Package 'perccalc' reference manual

Title:	Estimate Percentiles from an Ordered Categorical Variable
Description:	An implementation of two functions that estimate values for percentiles from an ordered categorical variable as described by Reardon (2011, isbn:978-0-87154-372-1). One function estimates percentile differences from two percentiles while the other returns the values for every percentile from 1 to 100.
Authors:	Jorge Cimentada [aut, cre]
Maintainer:	Jorge Cimentada <[email protected]>
License:	MIT + file LICENSE
Version:	1.0.5
Built:	2025-02-08 03:52:34 UTC
Source:	https://github.com/cimentadaj/perccalc

Calculate percentile differences from an ordered categorical variable and a continuous variable.

Description

Calculate percentile differences from an ordered categorical variable and a continuous variable.

Usage

perc_diff(
  data_model,
  categorical_var,
  continuous_var,
  weights = NULL,
  percentiles = c(90, 10)
)

perc_diff_df(
  data_model,
  categorical_var,
  continuous_var,
  weights = NULL,
  percentiles = c(90, 10)
)
perc_diff(
  data_model,
  categorical_var,
  continuous_var,
  weights = NULL,
  percentiles = c(90, 10)
)

perc_diff_df(
  data_model,
  categorical_var,
  continuous_var,
  weights = NULL,
  percentiles = c(90, 10)
)

Arguments

`data_model`	A data frame with at least the categorical and continuous variables from which to estimate the percentile differences
`categorical_var`	The bare unquoted name of the categorical variable. This variable SHOULD be an ordered factor. If not, will raise an error.
`continuous_var`	The bare unquoted name of the continuous variable from which to estimate the percentiles
`weights`	The bare unquoted name of the optional weight variable. If not specified, then estimation is done without weights
`percentiles`	A numeric vector of two numbers specifying which percentiles to subtract

Details

perc_diff drops missing observations silently for calculating the linear combination of coefficients.

Value

perc_diff returns a vector with the percentile difference and its associated standard error. perc_diff_df returns the same but as a data frame.

Examples



set.seed(23131)
N <- 1000
K <- 20

toy_data <- data.frame(id = 1:N,
                       score = rnorm(N, sd = 2),
                       type = rep(paste0("inc", 1:20), each = N/K),
                       wt = 1)


# perc_diff(toy_data, type, score)
# type is not an ordered factor!

toy_data$type <- factor(toy_data$type, levels = unique(toy_data$type), ordered = TRUE)

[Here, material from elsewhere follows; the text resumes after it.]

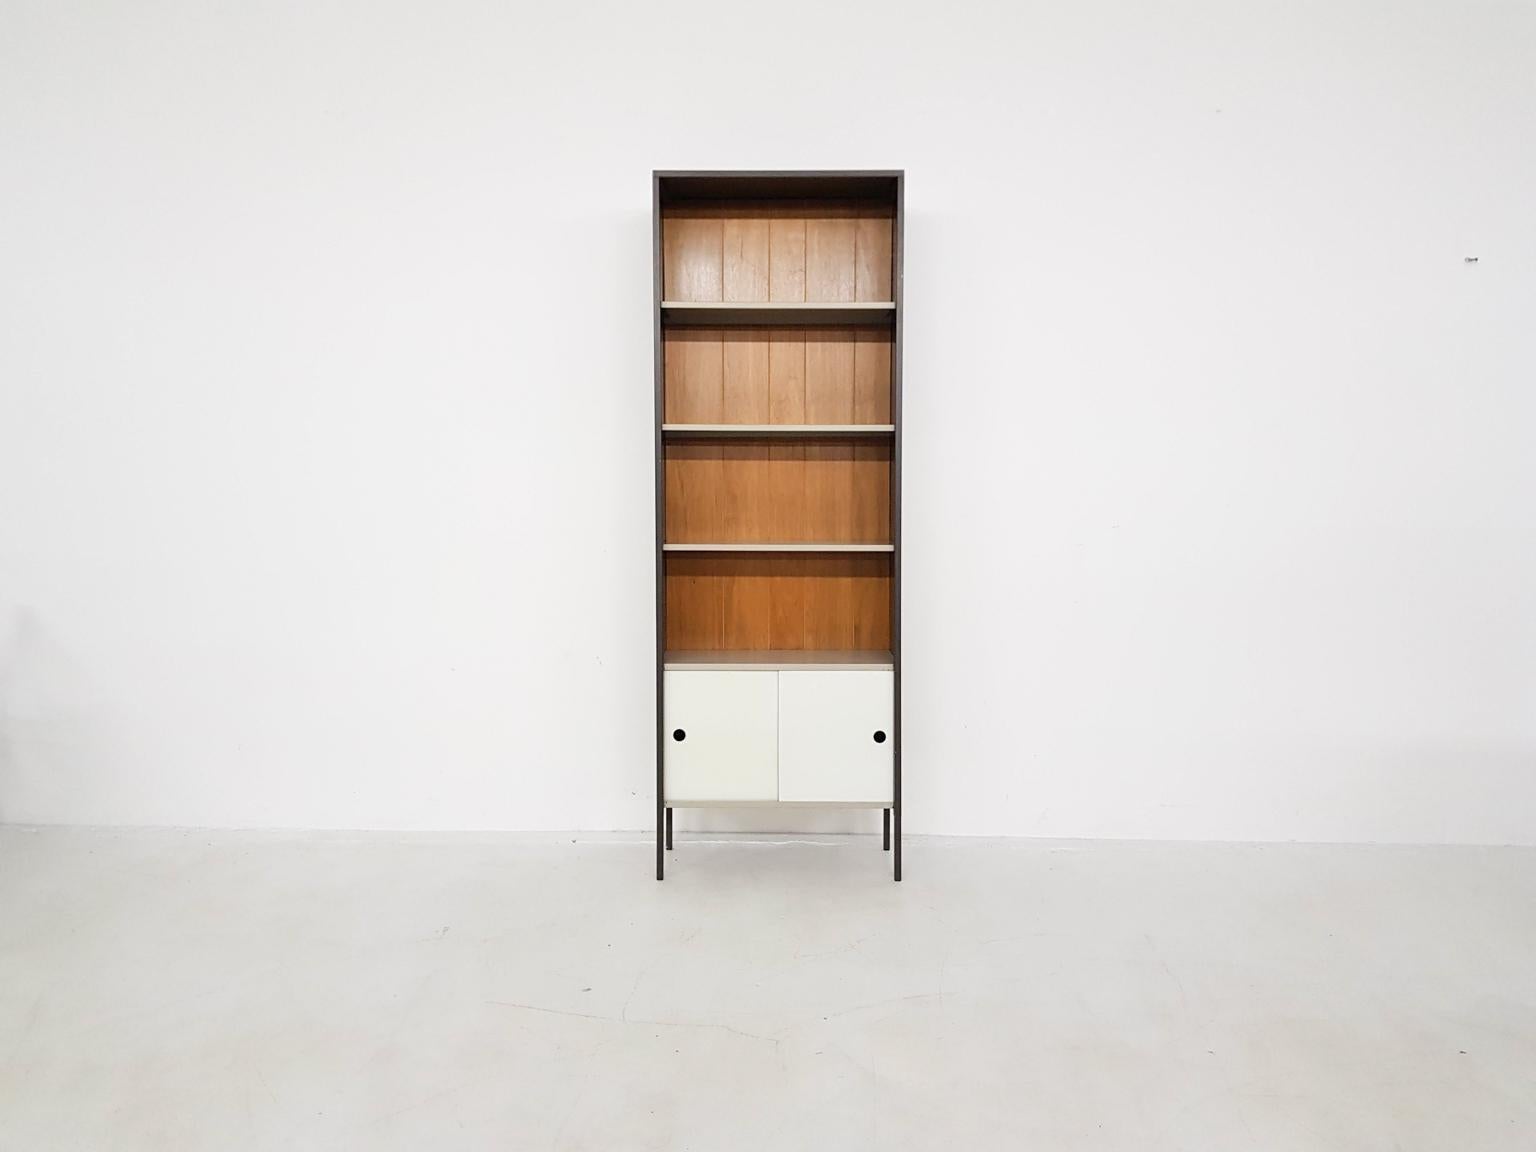 Elegant bookcase with a cabinet at the bottom by Dutch mid-century designer Coen de Vries. Made by Pilastro the Netherlands in the 1960s.

Metal industrial bookcases and shelving systems are among the most known items from the Dutch midcentury.

perc_diff(toy_data, type, score, percentiles = c(90, 10))
perc_diff(toy_data, type, score, percentiles = c(50, 10))

perc_diff(toy_data, type, score, weights = wt, percentiles = c(30, 10))
# Results as data frame
perc_diff_df(toy_data, type, score, weights = wt, percentiles = c(30, 10))

set.seed(23131)
N <- 1000
K <- 20

toy_data <- data.frame(id = 1:N,
                       score = rnorm(N, sd = 2),
                       type = rep(paste0("inc", 1:20), each = N/K),
                       wt = 1)


# perc_diff(toy_data, type, score)
# type is not an ordered factor!

toy_data$type <- factor(toy_data$type, levels = unique(toy_data$type), ordered = TRUE)

perc_diff(toy_data, type, score, percentiles = c(90, 10))
perc_diff(toy_data, type, score, percentiles = c(50, 10))

perc_diff(toy_data, type, score, weights = wt, percentiles = c(30, 10))
# Results as data frame
perc_diff_df(toy_data, type, score, weights = wt, percentiles = c(30, 10))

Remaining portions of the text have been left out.